# My new 3D Rock Background from Aqua-maniac.com



## Malawi_Marc (Mar 13, 2009)

This is my own personal review on the 3D Rock Background supplied by Aqua-Maniac.com.

Packaging-Please see pictures below.

Professionally wrapped and labelled with fragile. 









After taking off the outer wrapping you can see how well protected the inner contents are!









Still more wrapping to come! The background was fully wrapped in bubble wrap.









And now the Background! First impressions--I was shocked to say the least at the detail, it's very realistic! It very well made! It might look heavy but it's light and easy to lift etc. Please see the following detailed picures.























































The Background installation:

Remove the rocks. They look blotchy that's due to them still being a bit wet and drying off.









Start Lowering the water level.

















Now that I've removed around 50% water it's time to remove the RIO 240's plastic centre brace to enable me to place the background in the tank.
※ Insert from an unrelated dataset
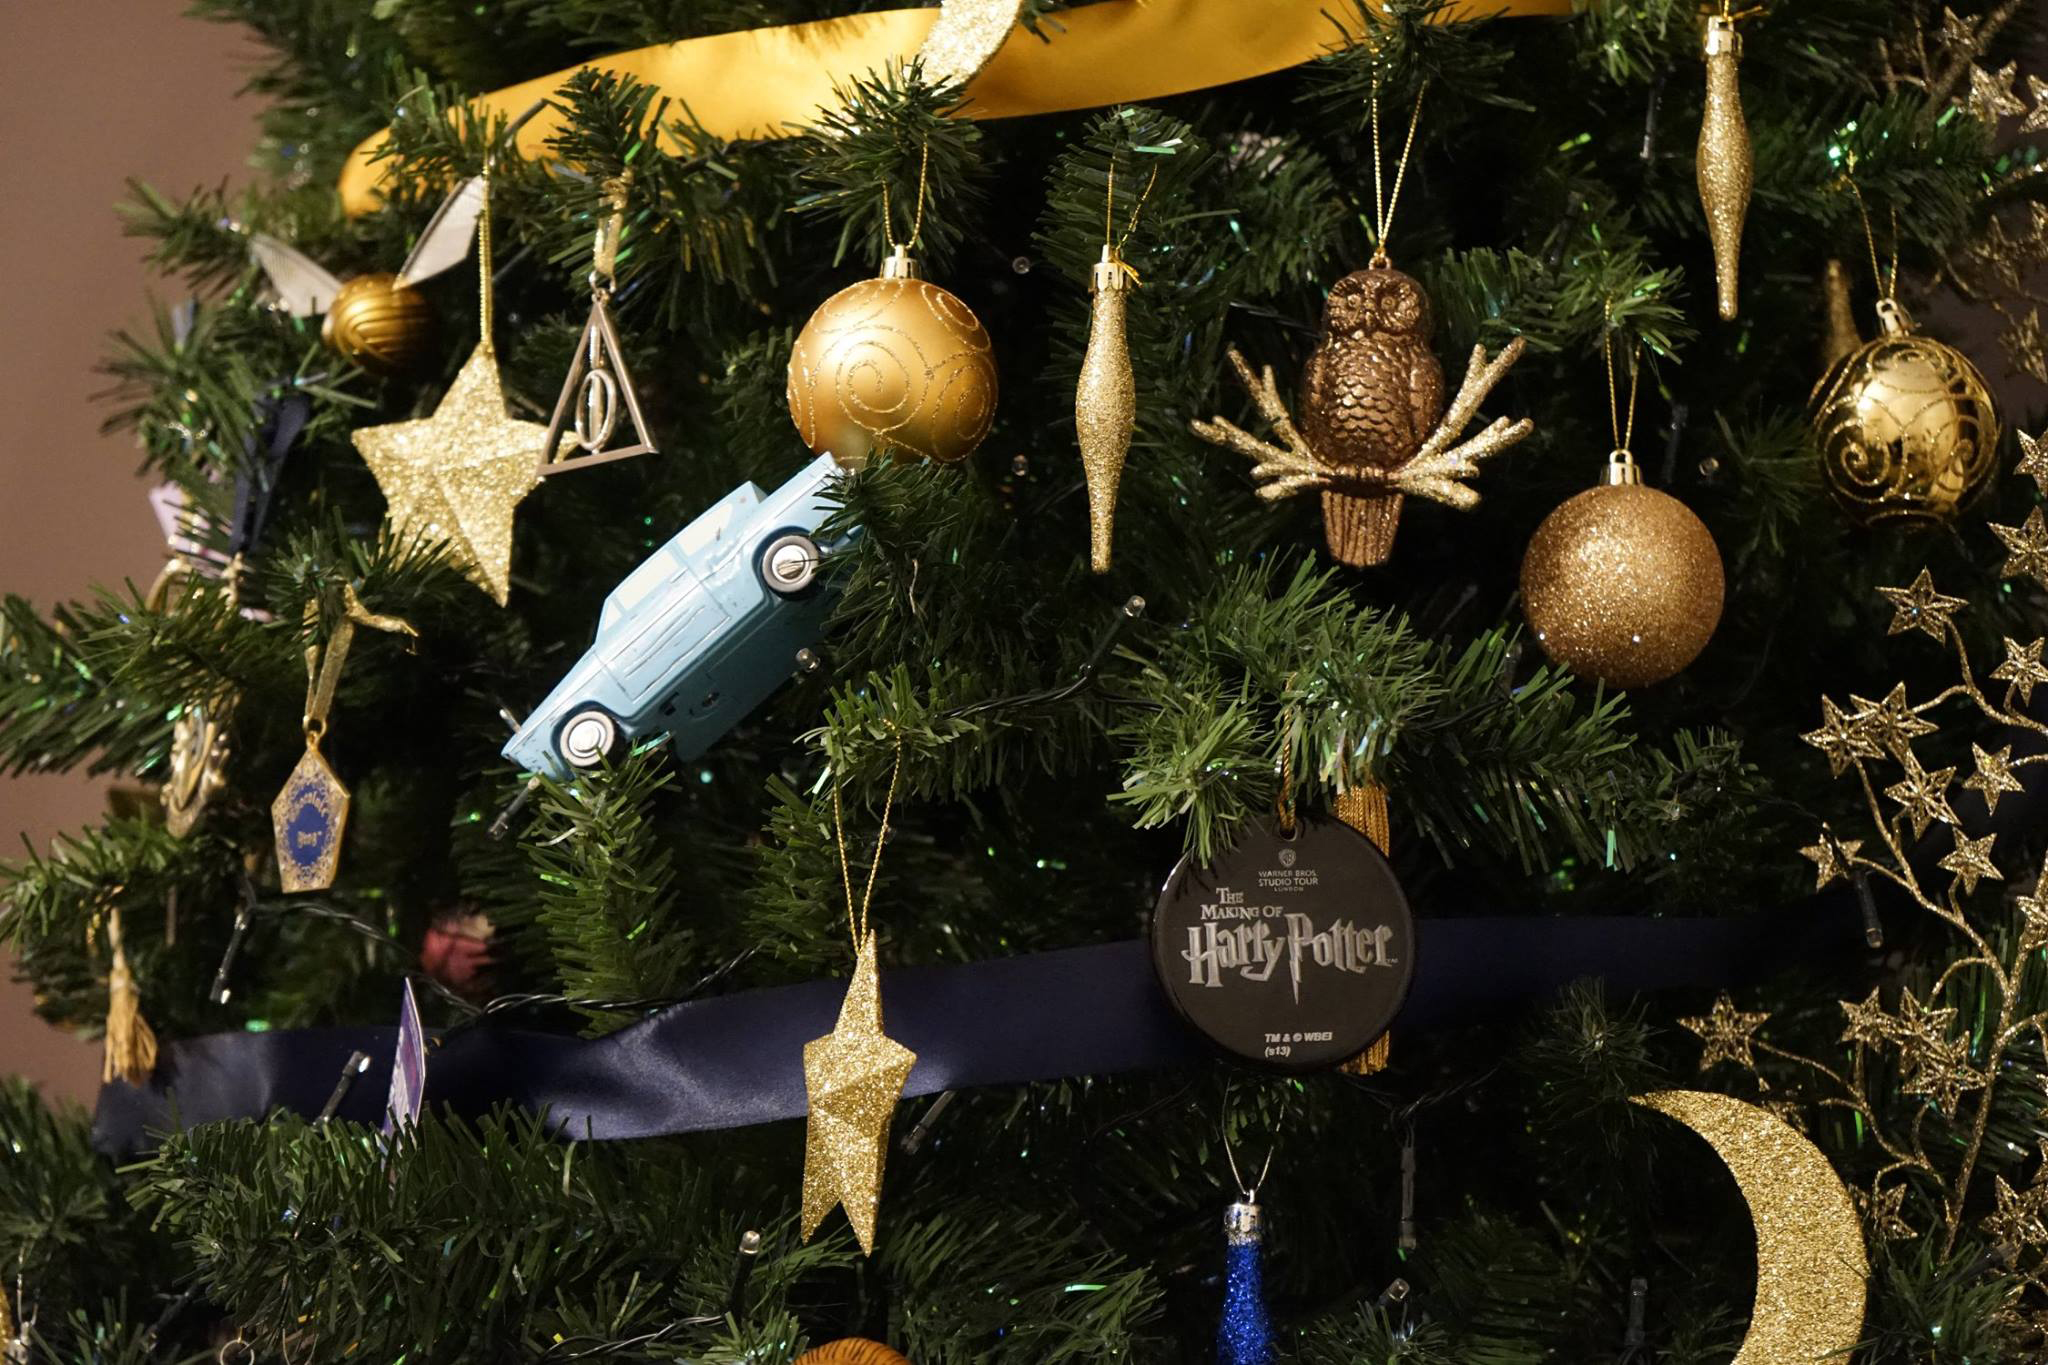 Harry Potter themed Christmas tree decorations

I caught all my Mbuna and placed them in a 25ltr bucket.
Now the brace has been removed I was able to place the Background in to the tank to see if I needed to make any cuts..I had to make 1 cut :thumb: This cut was situated where the centre brace sits. Please see pictures showing my process.

Measure up.


















The cut looks off, but the contour of the background played **** with the saw bit 









Then it was time place the background back in to the tank, the cut was spot on PHEW  Replaced the brace and made sure that the mesh that is attached to both ends of the background was flush against the glass to prevent the fish getting behind the background.









Get the hose ready--Straight from the tap in to the tank topped up with some warm tap water. Stopping the water about 3inches from the top so I can now put my rocks in which will top up the water level.









And the finish look ( Please note this Picture was taken in the day )I'll take another one when it's dark and replace this one.










To sum things up:

Quality: Outstanding detail, sturdy, well made not to heavy to lift for the old farts.
Price: Very affordable, probably the lowest prices your going to find in the UK for this high quality Background. 
Customer service: Chris from Aqua-Maniac will help you out with queries. Very smooth dealings from start to finish.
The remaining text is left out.